The Dallas City Council recently approved Ordinance 3221, which is better known as a responsible banking ordinance, which holds banks accountable for making loans in minority neighborhoods.
Federal law already encourages banks to do this, but many banks still refuse.
The city of Dallas deposits more than $250 million in tax money at Bank of America and that unfortunately lets local governments make demands about how a bank treats minority borrowers.
The new ordinance says that the city shall “use socially responsible banking performance as a factor in determining” who it banks with.
One activist who challenges banks to lend more in minority communities says this is a significant help and that it will help with transparency. Under the new ordinance, the city treasurer is required to hold a public hearing about how well banks are serving lower-income customers.
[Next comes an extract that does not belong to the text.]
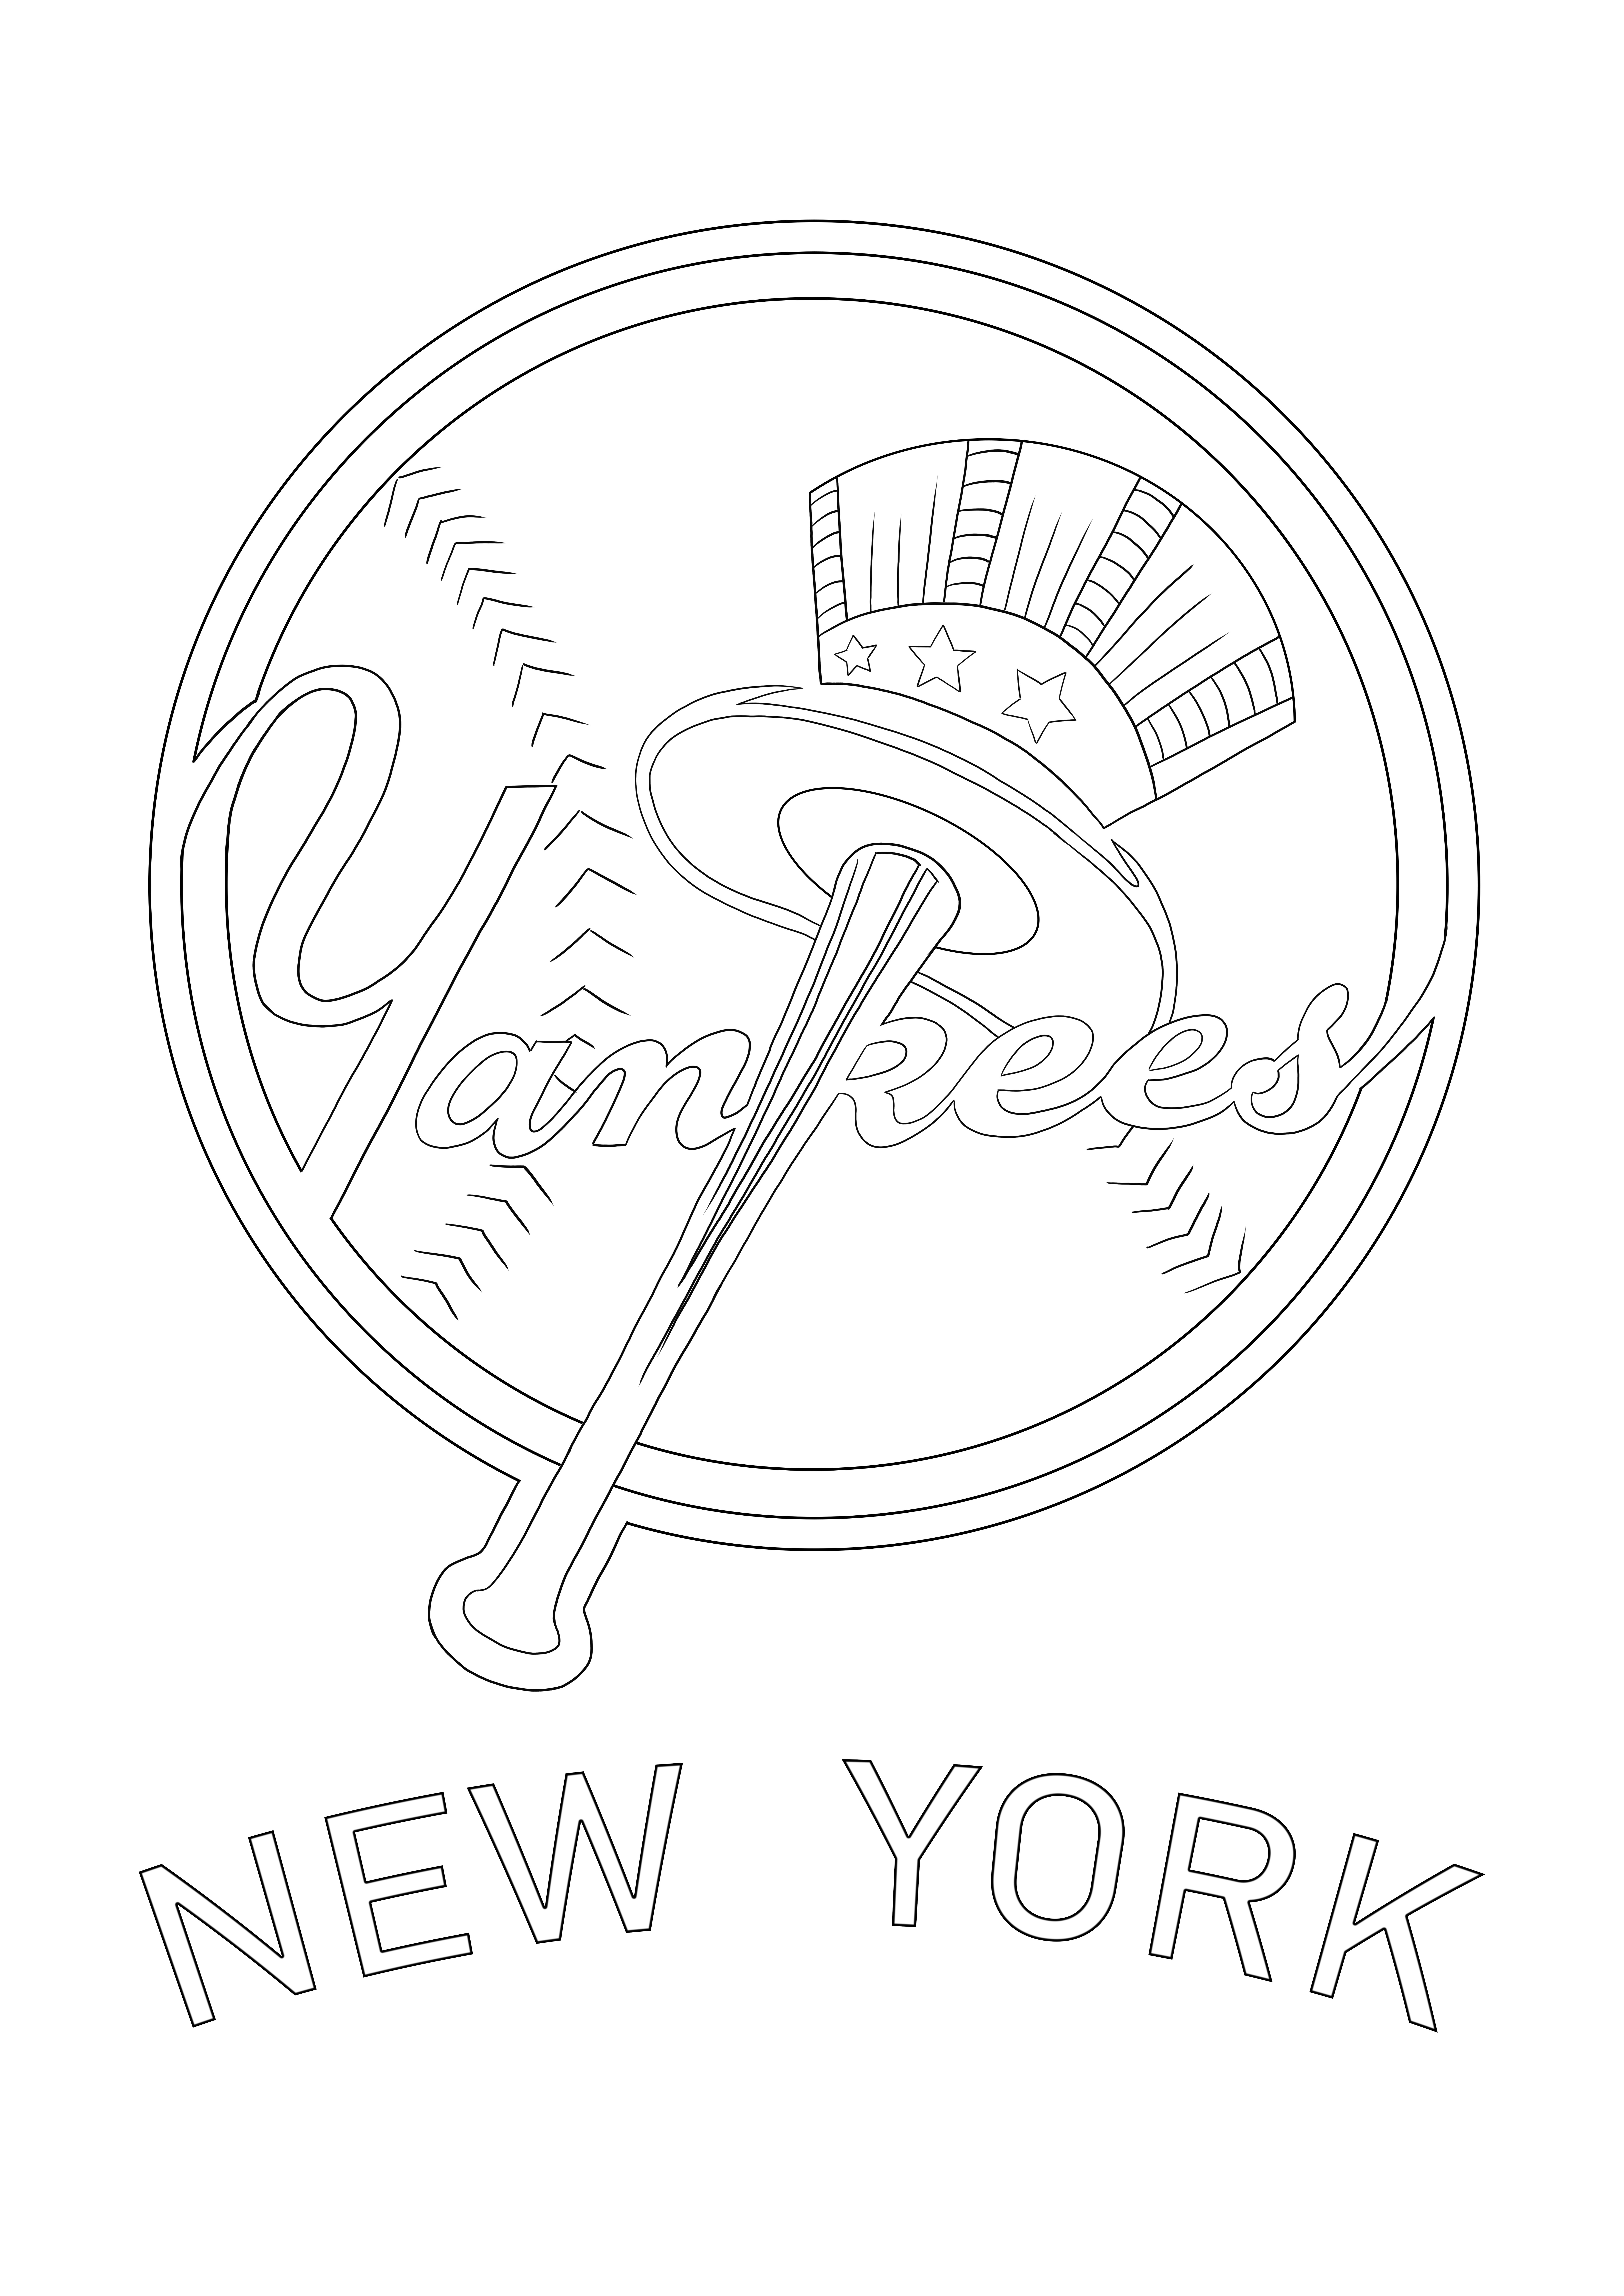 New York Yankees-logo gratis te downloaden of op te slaan voor latere kleurafbeelding

Thirteen cities around the country have adopted some form of a Responsible Banking Ordinance, and Dallas is the first in Texas.
Philadelphia also adopted its ordinance, and the banks it chose to make deposits with became more active low-income lenders.
It’s up to the cities for now, since federal regulators have declined to address the problem of banks owning low-income housing that traps minority families in the cycle of poverty.
This work needs to continue in cities across the country since redlining has been around for a long time and hurts low-income neighborhoods. If banks change the way they do business they can help low-income communities become better and healthier for the whole community.